Age related macular degeneration (AMD) is the leading cause of vision loss in individuals
over age 60. AMD is classified as wet and dry. Wet AMD constitutes 10 to 15% of all cases of
AMD and occurs when an abnormal blood vessel grows in or under the retina leading to central
vision loss. Wet AMD is successfully treated with injections in the eye on a monthly basis
that stop the blood vessel from growing and leaking. The most common form of AMD is the dry
variant or dry AMD that affects 85 to 90% of all patients with AMD. In dry AMD, there is loss
of retinal pigment, formation of deposits called drusen, and loss of the vessels in a layer
of the retina called the choriocapillaris. In the most severe forms of dry AMD there is loss
of retinal tissue called geographic atrophy. Over time retinal tissue degenerates in the area
responsible for central vision leading to vision loss leading to legal blindness. Currently
no treatment for dry AMD exists so that there is a significant unmet need in patients with
this ocular disease.

Recently, evidence has implicated an overactive inflammatory cascade called the complement
system as playing a pivotal role in the development of dry AMD. The complement cascade
consists of 3 arms that converge to form a pore-like complex on the surface of cells called
the membrane attack complex (MAC). Accumulation of MAC on cell surfaces leads to cell damage
and death causing the clinical findings seen in AMD. Normal cells within the human body
produce a protein on their cell surfaces called CD59 that blocks the MAC from forming. In
AMD, the complement cascade is upregulated and leads to more MAC formation than the body can
protect itself against leading to cell destruction.

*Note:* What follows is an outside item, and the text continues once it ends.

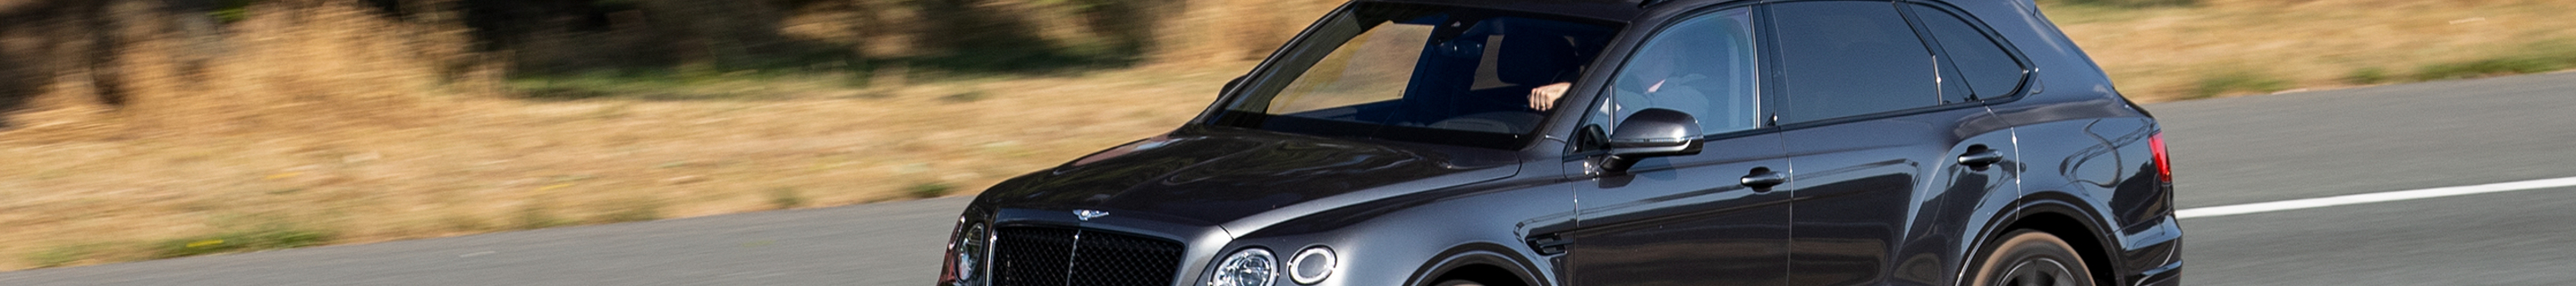 Bentley Bentayga V8 Design Series
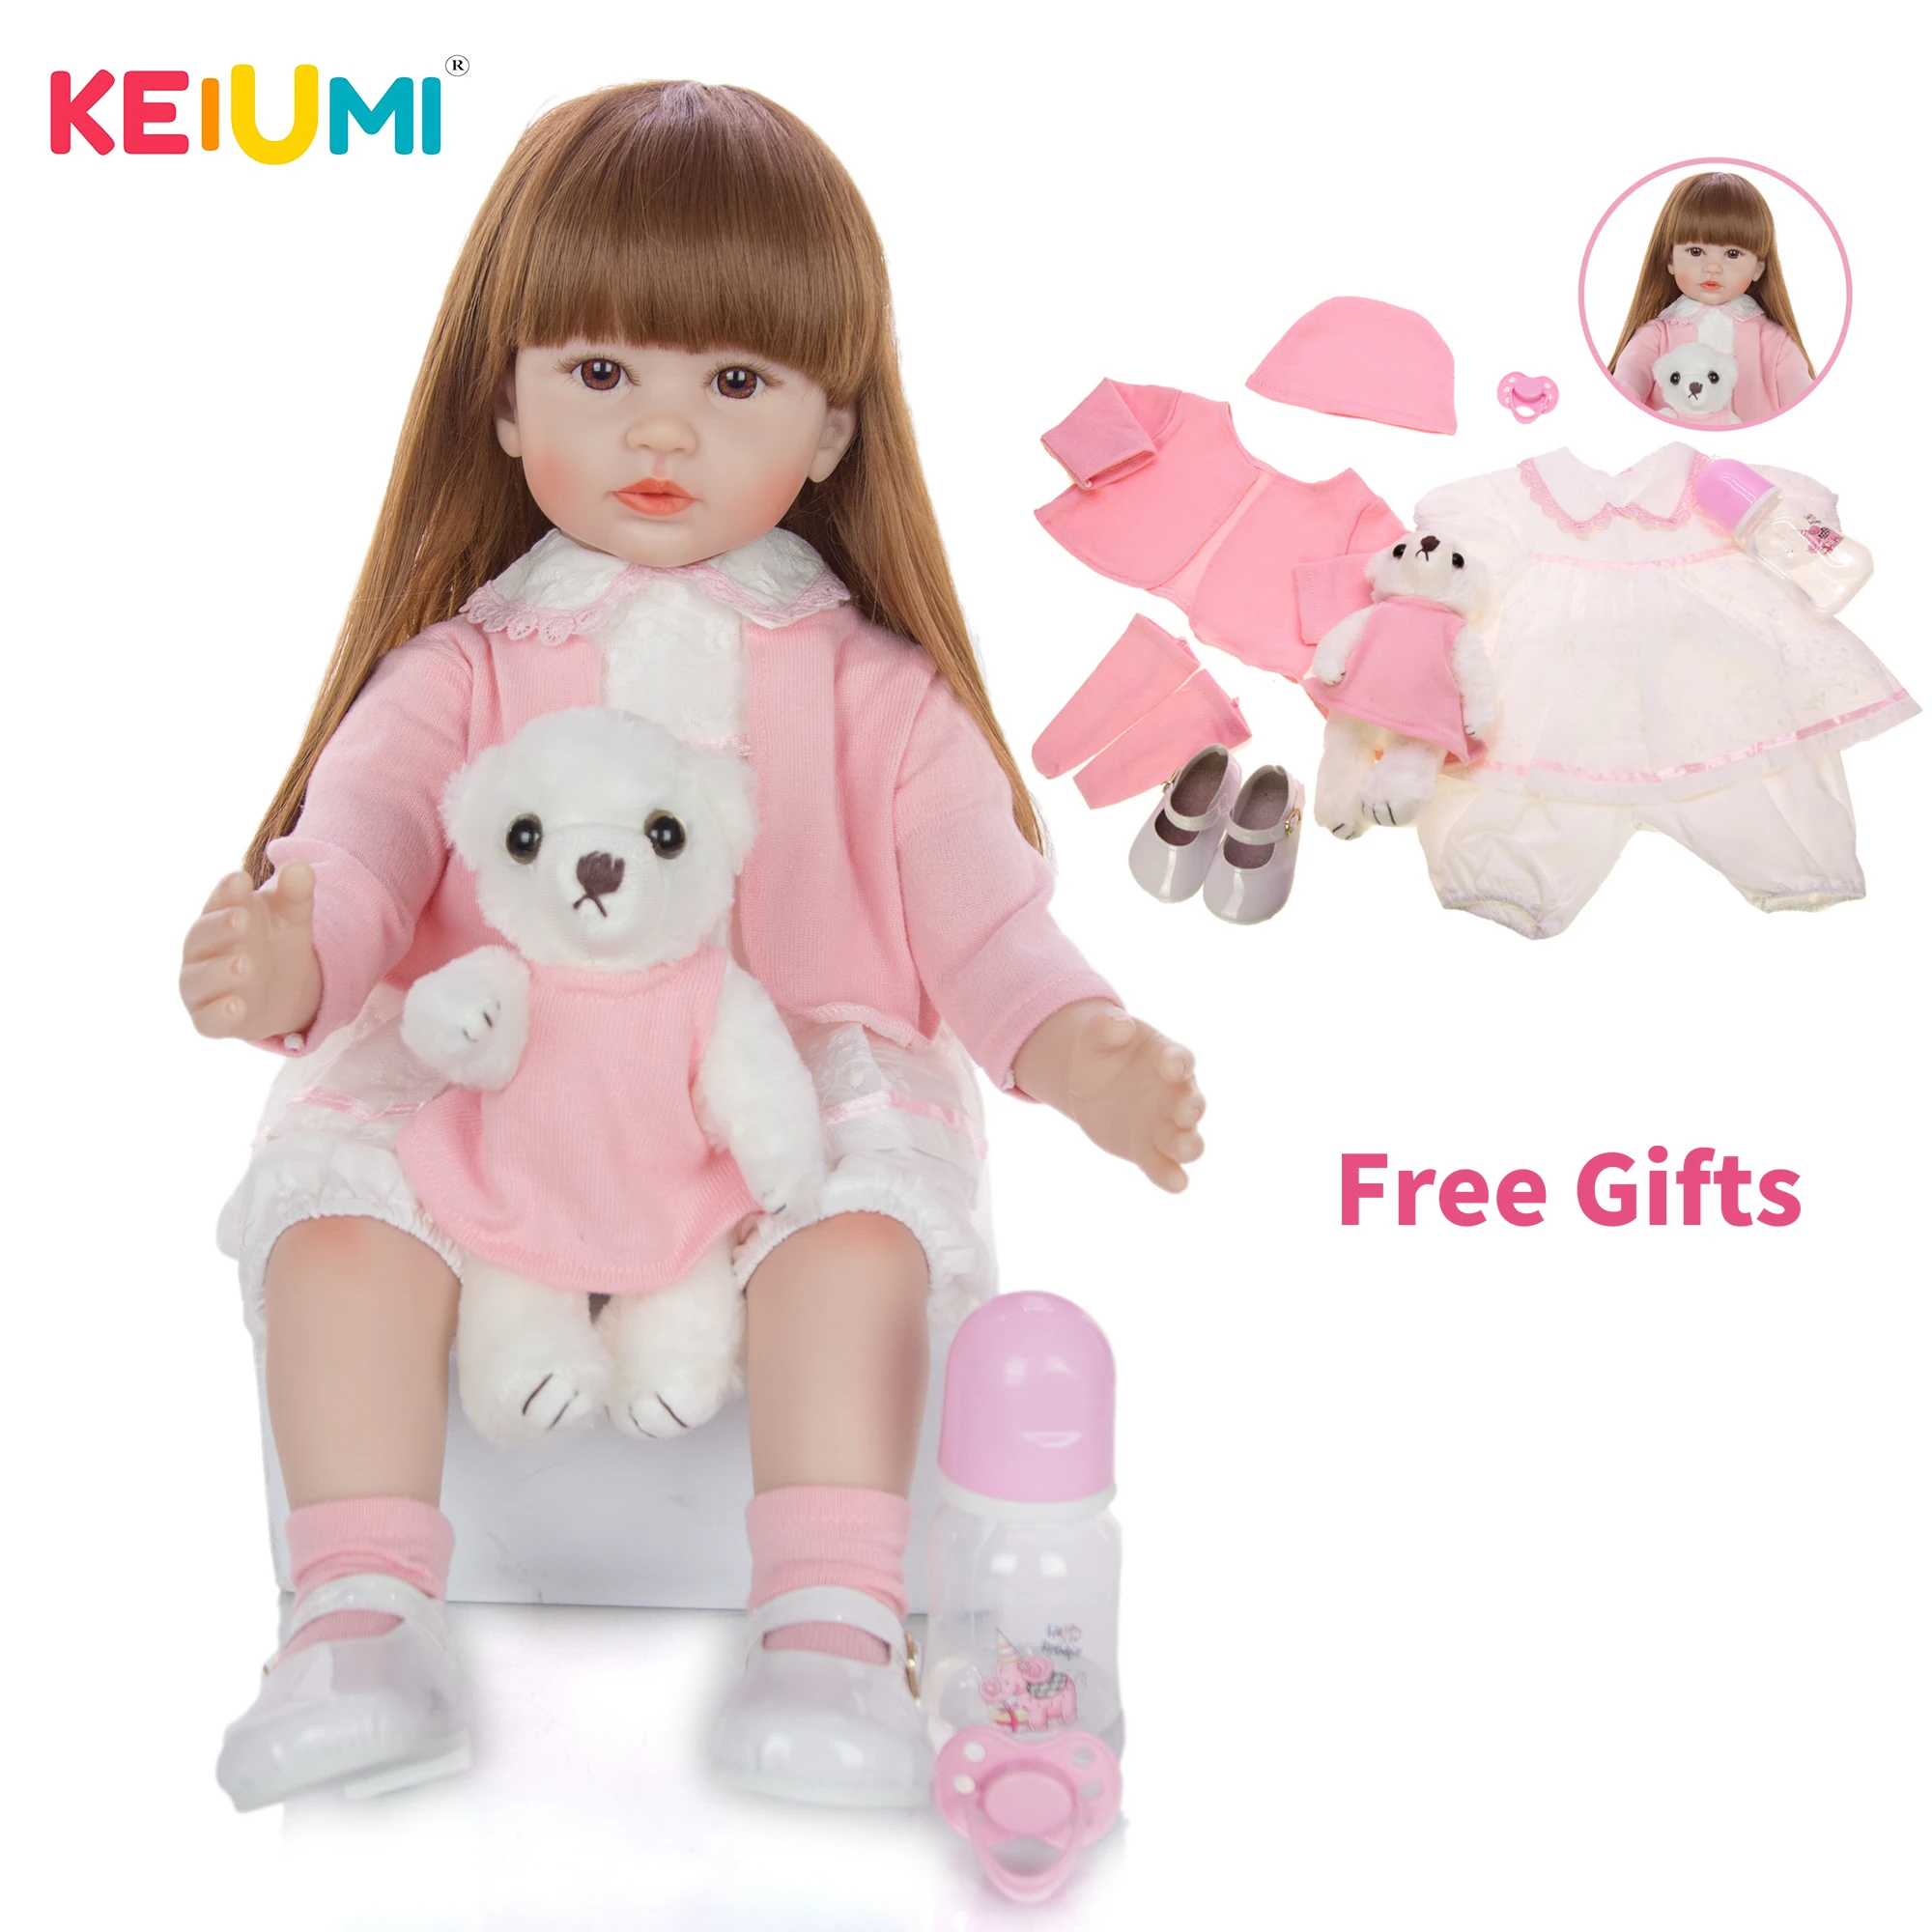 

KEIUMI 24 Inch Lovely Reborn Boneca Menina Realistic Cute 60 cm Soft Silicone Reborn Babies Doll Children's Day Birthday Gifts

AAVCAGsCD59, an ocular gene therapy product that is injected in to the eye in the physician's
office, causes normal retinal cells to increase the expression of a soluble form of CD59
(sCD59). This soluble recombinant version of the naturally occurring CD59 is designed and
intended to protect retinal cells that are responsible for central vision by inhibiting the
formation of the membrane attack complex (MAC), the terminal step of complement-mediated cell
lysis. In gene therapy the cells of the retina are potentially permanently altered to make
sCD59 for the life of the patient. With gene therapy only one injection is needed for the
drug to be effective for the patient's entire life. This study will evaluate the safety after
a single injection of AAVCAGsCD59 administered in an office setting for patients whose
enrolled eye has advanced dry AMD with geographic atrophy. The initial study is 26 weeks
followed by an additional 18-month safety evaluation.


Inclusion Criteria:

- Men or women 50 years of age or older

- Advanced dry AMD with GA in the study eye

- BCVA Snellen equivalent of 20/80 or worse in the study eye using ETDRS charts at a
starting distance of 4m after the first 3 patients are enrolled and demonstrate
favorable safety data

- Total GA lesion size 5mm2 (2 DA) to 20mm2 (8 DA) in the study eye; if multifocal, then
at least one focus of GA needs to measure 1.27 mm2 (0.5 DA)

- Fellow eye BCVA of 20/800 or better and must be the eye with the better visual acuity

- Must be willing to undergo paracentesis of the anterior chamber

Exclusion Criteria:

- GA secondary to non AMD etiologies

- Prior or active choroidal neovascularization (CNV) in the study eye

- History of conditions in the study eye during screening which might alter visual
acuity or interfere with study testing

- Active uncontrolled glaucoma

- Intraocular surgery in the study eye within 3 months of enrollment or are known or
likely candidate for intraocular surgery (including cataract surgery) in the study eye
within 1 year of treatment

- Acute or chronic infection in the study eye

- History of inflammation in the study eye or ongoing inflammation in either eye

- History of uveitis in the study eye

- Ongoing ocular inflammation in either eye

- Any contraindication to intravitreal injection

- Currently using or have used treatment for exudative AMD in the study eye only: laser
photocoagulation, photodynamic therapy (PDT), ranibizumab (Lucentis®), pegaptanib
sodium (Macugen®), bevacizumab (Avastin®) or aflibercept (Eylea®)

- Currently using any periocular (study eye), intravitreal (study eye) or systemic (oral
or intravenous) corticosteroids within 3 months prior to screening.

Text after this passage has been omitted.